We can conceive of a moon made of Green Cheese, but since humans invented Cheese, this is not logically possible, since it seems obvious that the moon is older than we are. We didn't have any problem creating the mental image in order to analyze it, but we cannot believe in it either.
So belief is a state between conceivability and logical possibility. I would suggest there are at least two more that are actually important: (scientifically) creditable' and '(intuitively) appealing'.
(I hope what follows is not just belaboring the obvious as an excuse to describe a metaphor I find compelling.)
One way to capture the range of definitions involved would be to reify the language game of logic. Imagine that everyone who negotiates our culture's belief system made up a small number of people who could actually take turns talking, each one of them trying to get the group's approval of their thoughts, and that approval or disapproval was communicated directly via a visible emotional response. This is a simplified metaphor for what Wittgenstien describes as a cultural language-game. Logic is one such language game: one such topic this group might agree to focus on regularly under certain conditions.
One can conceive of anything that one might think could motivate a move -- that could suggest an utterance that captures an image and one might hope could contribute to a consensus it has meaning.
But something is only believable if there is not a defeating series of countermoves that reduces it to a contradiction quickly enough that the contradiction becomes apparent before the ideas consequences can be elaborated. In order to believe it, it has to set in and have meaning and effects on your other thoughts before it is dissolved by noticing its weaknesses.
And it is only 'scientifically' creditable if someone who has all the known material related to it as an expert, is still likely to find it believable. It can only gain credit as an idea in a domain of knowledge if it can be communicated around that domain without falling prey to an easy dismissal.
If there is still a contradiction, but it takes a lot of moves to prove it, and the proof is unlikely to occur to a random well-informed expert, so that the idea is actually likely to persist in most people if introduced, we might call such a thing an illusion.
If the illusion is hard to dispell, and the resulting deserved disbelief is often temporary, or has to be rehearsed in order to become acceptable, we sometimes call such a state 'counterintuitive'. This is a word you often hear describe results in mathematics related to infinities or complex structures. And we call the illusion itself 'intuitively appealing'.
But even the most intuitively appealing illusion is still not logically possible. What is logically possible is not disprovable with our most complete analysis. Disbelief in it cannot be stable over time even as something captured with difficulty.
We might develop conceivability in its raw state, but it does not seem like that would be an improvement.

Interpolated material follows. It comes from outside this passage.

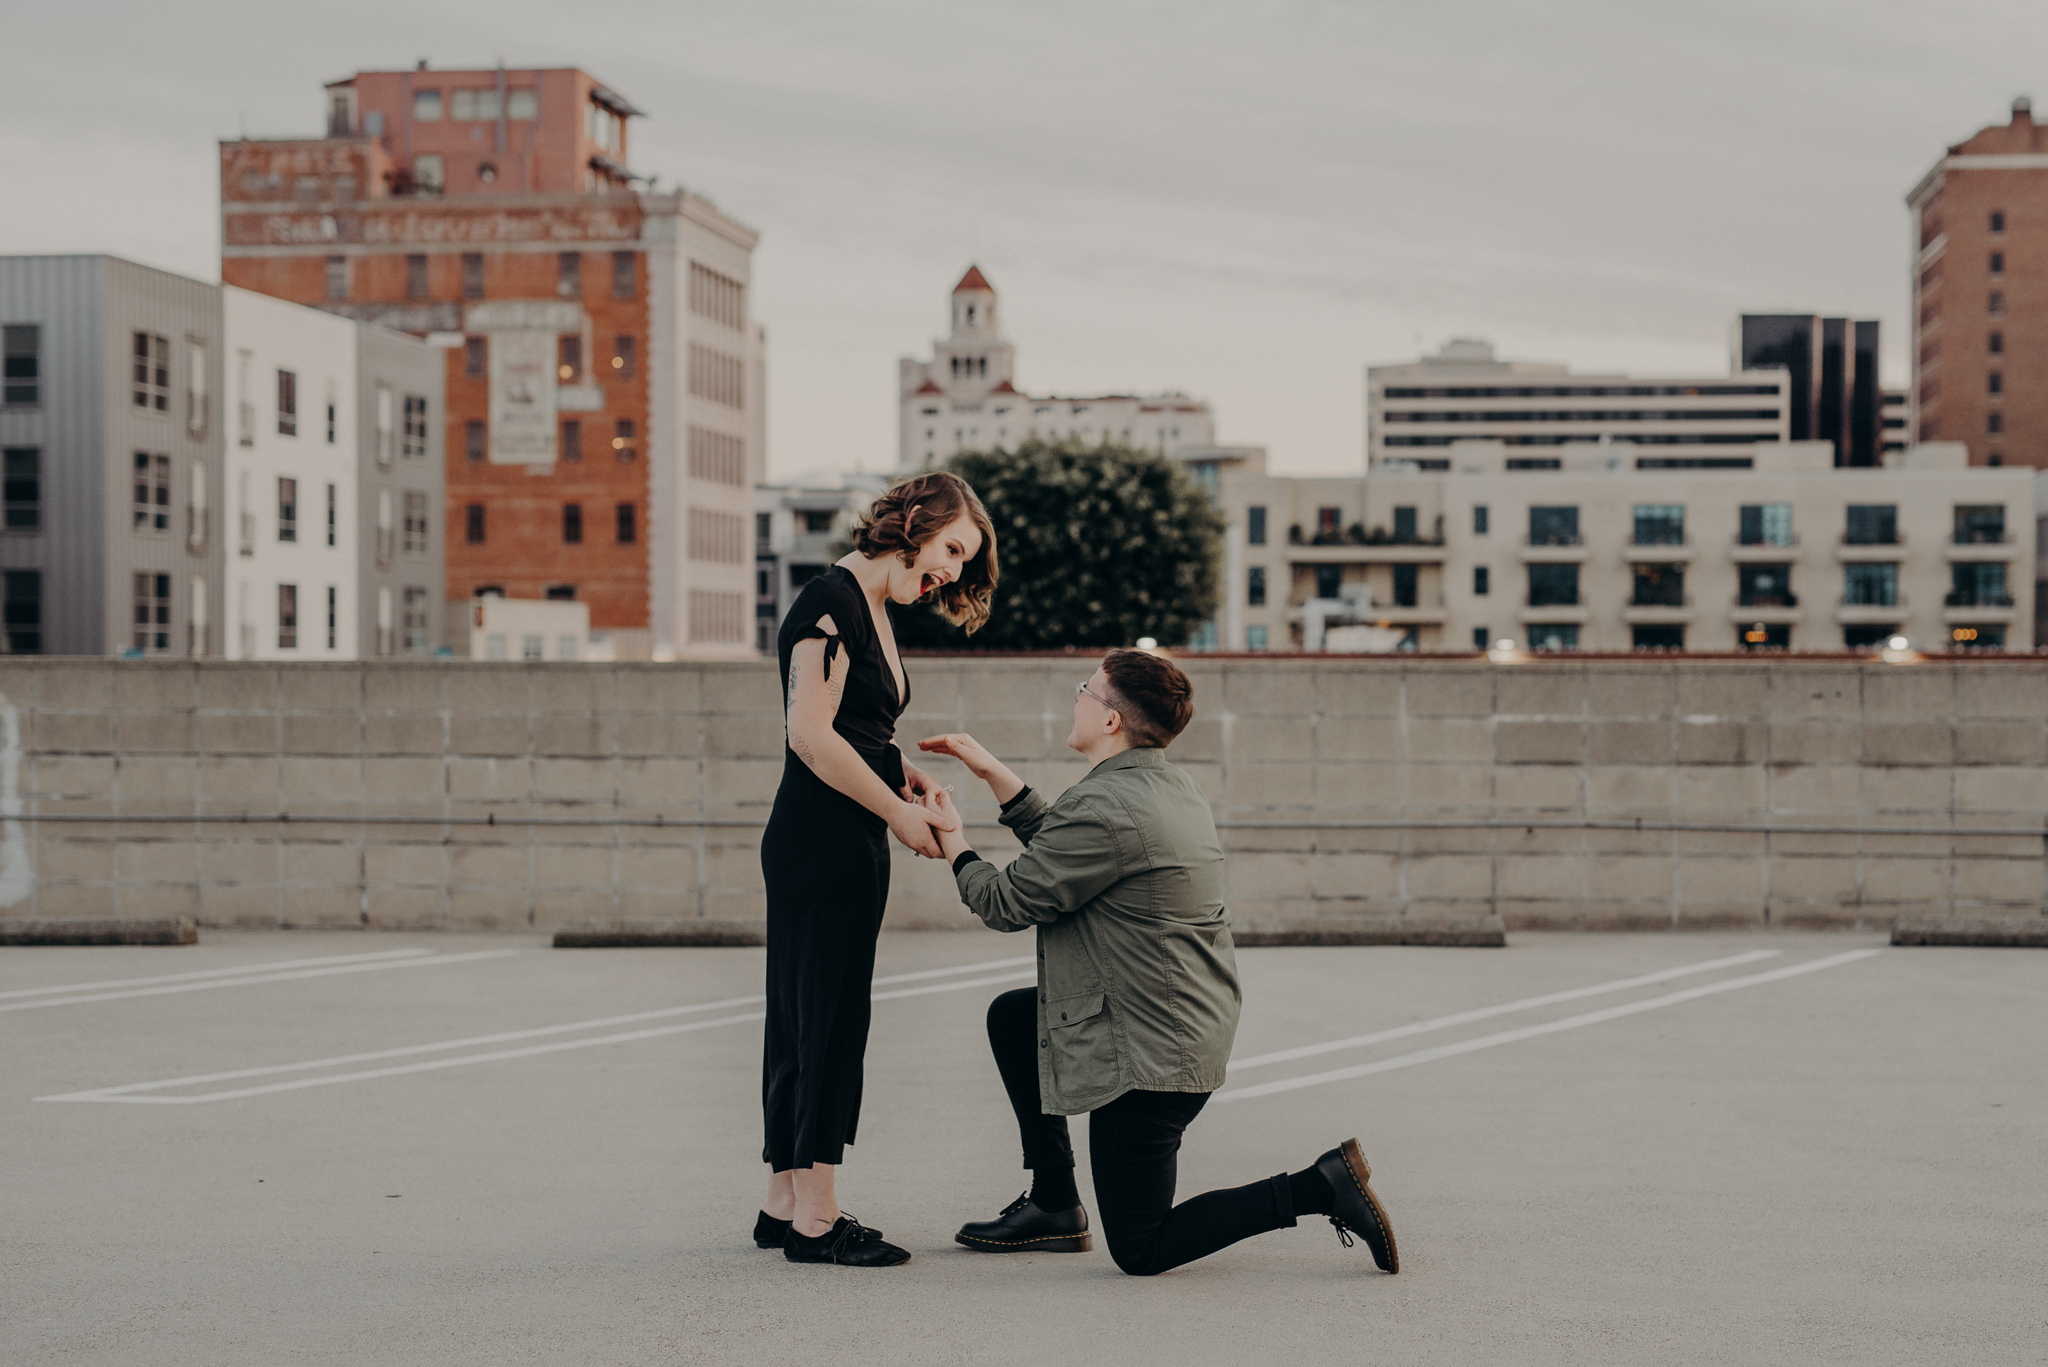 LGBTQ wedding photographer in los angeles - long beach engagement session - isaiahandtaylor.com-47.jpg
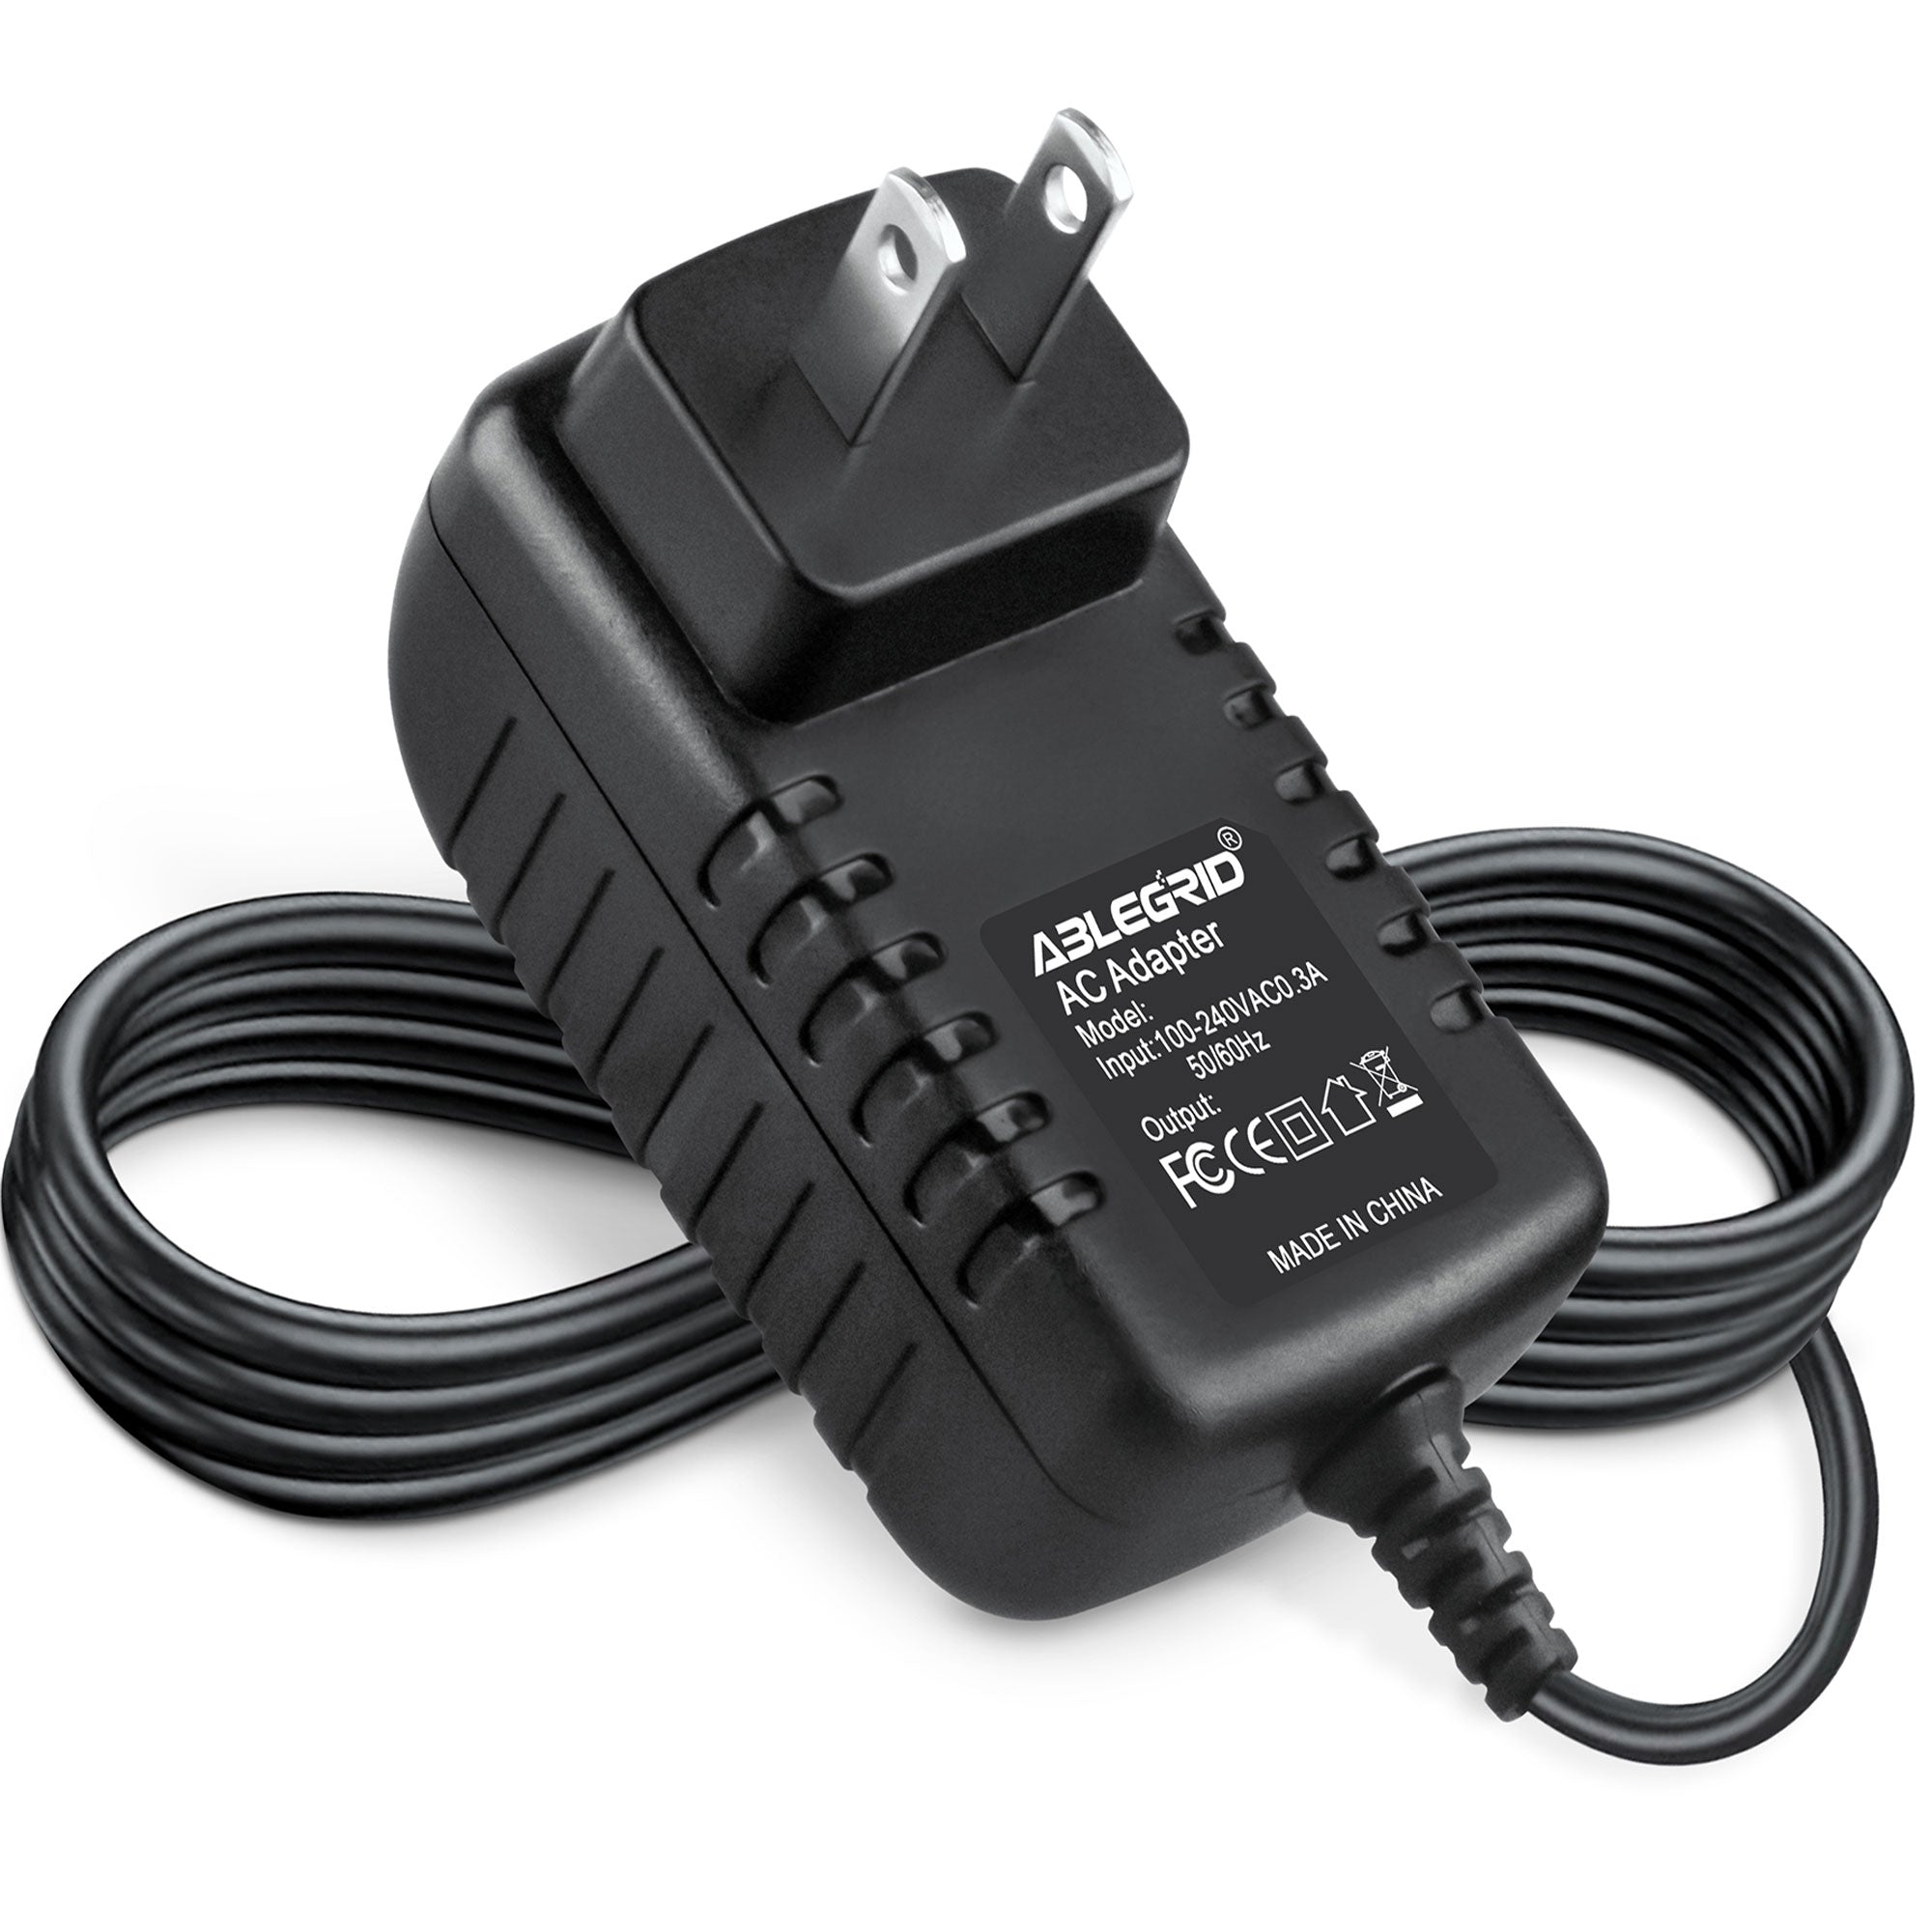 AbleGrid AC / DC Adapter for Cobra MicroTalk CXT437, PR 3550 WX, PR255, PR255 VP 2-Way Radio Power Supply Cord Cable PS Charger Input: 100 - 240 VAC 50/60Hz Worldwide Voltage Use Mains PSU

Many would prefer to develop 'intuition' in the sense of being able to accept that illusions are illusions even when that is counterintuitive, and therefore to also accept counterintuitive truths -- things whose opposites are illusions that would be intuitively appealing.
This might need a broader range of concepts and therefore an ability to conceive of things and get to the point of believability, but that is not what it seems to be mostly 'made of'. We seem to be able to trust other humans enough to acquire a belief from them of which we would not ourselves readily conceive, stepping past the point of conceiving of it and 'falling backward' into that state from the arguments that led those other people into belief.